Pay rises have increased to their highest level since the summer of last year, research suggests

PAY rises have increased to their highest level since the summer of last year, research suggests.

Pay analysts XpertHR said the median basic pay increase was worth 2.2 per cent in the three months to the end of November, up from 2 per cent in the previous rolling quarter.

This is the highest level since June 2020, and reflects high inflation rates and ongoing staff shortages which have put pressure on employers to increase wages, said XpertHR.

Just over half of pay awards were higher than the same group of employees received in the previous year.

The study of 42 pay settlements covering more than 650,000 workers by XpertHR also found only three resulted in a pay freeze.

In the last year, median basic pay rises for the public sector were 1.4 per cent, compared with 1.8 per cent in the private sector.

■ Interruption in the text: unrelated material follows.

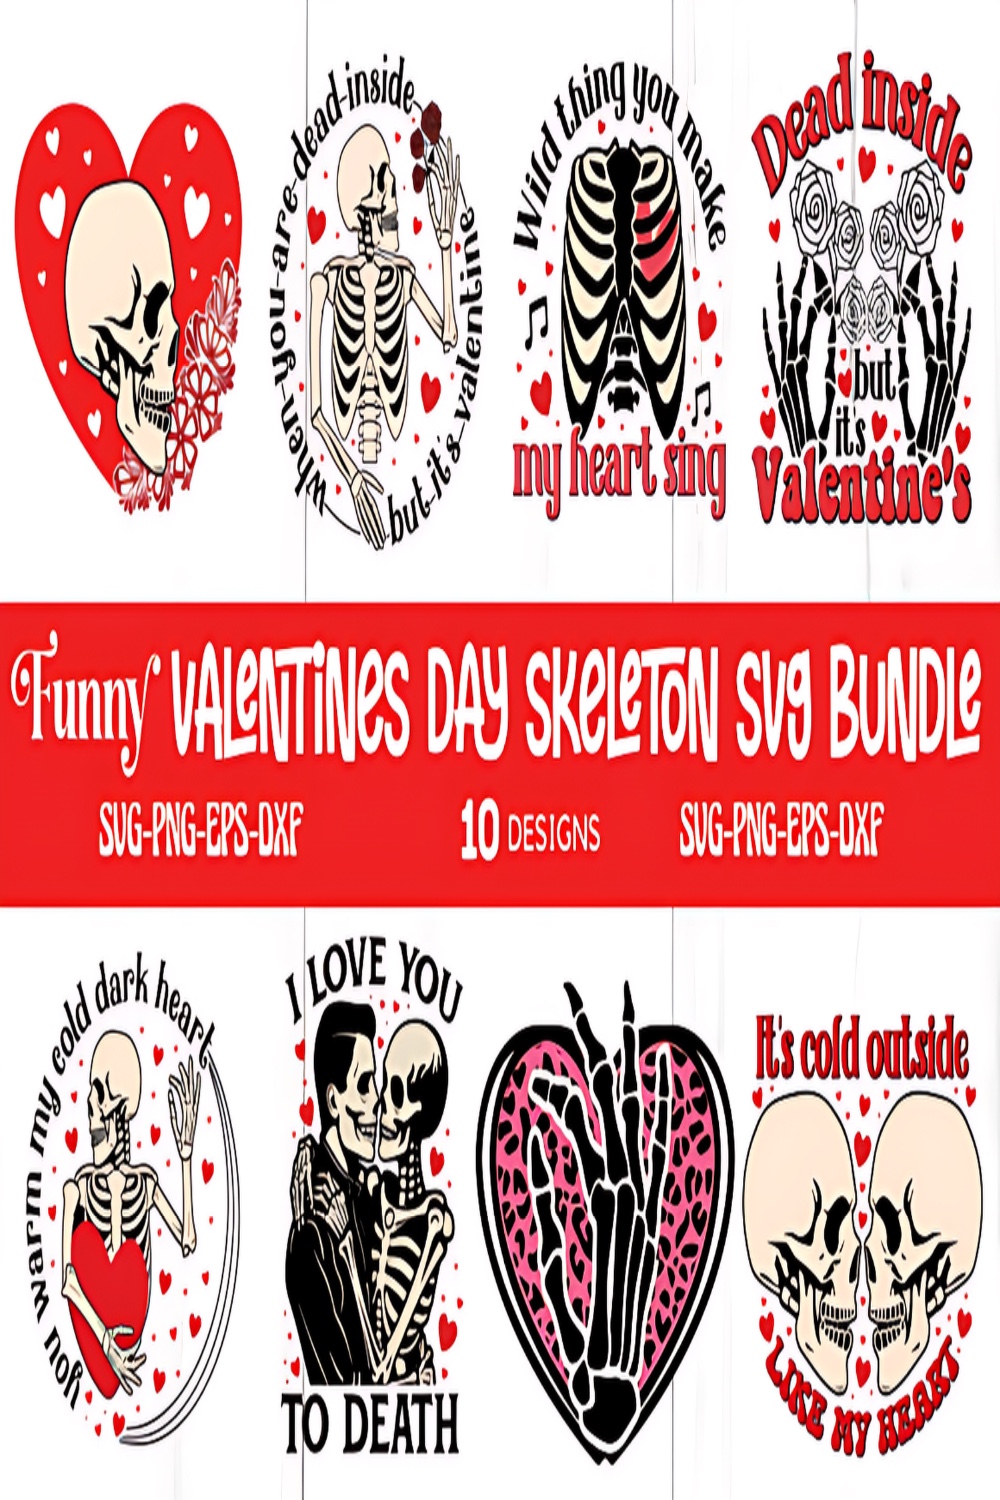 Funny Valentine Day Skeleton Svg Bundle pinterest preview image.

A year ago the figures were 2.5 per cent and 2 per cent respectively, said the report.

Sheila Attwood, XpertHR pay and benefits editor, said: "The rise in the median basic pay award could be the first sign of the pay pressure that we expect to see in the months ahead.

"High inflation rates pushing up the cost of living and labour shortages are putting pressure on employers to increase wages to attract and retain workers.

"Despite this, it is encouraging to see pay freezes become less common and we expect to see this continue as we head into 2022.

"Our most recent survey predicted that pay awards would reach 2.5 per cent in 2022, and it looks like we are now on the way to hitting that figure."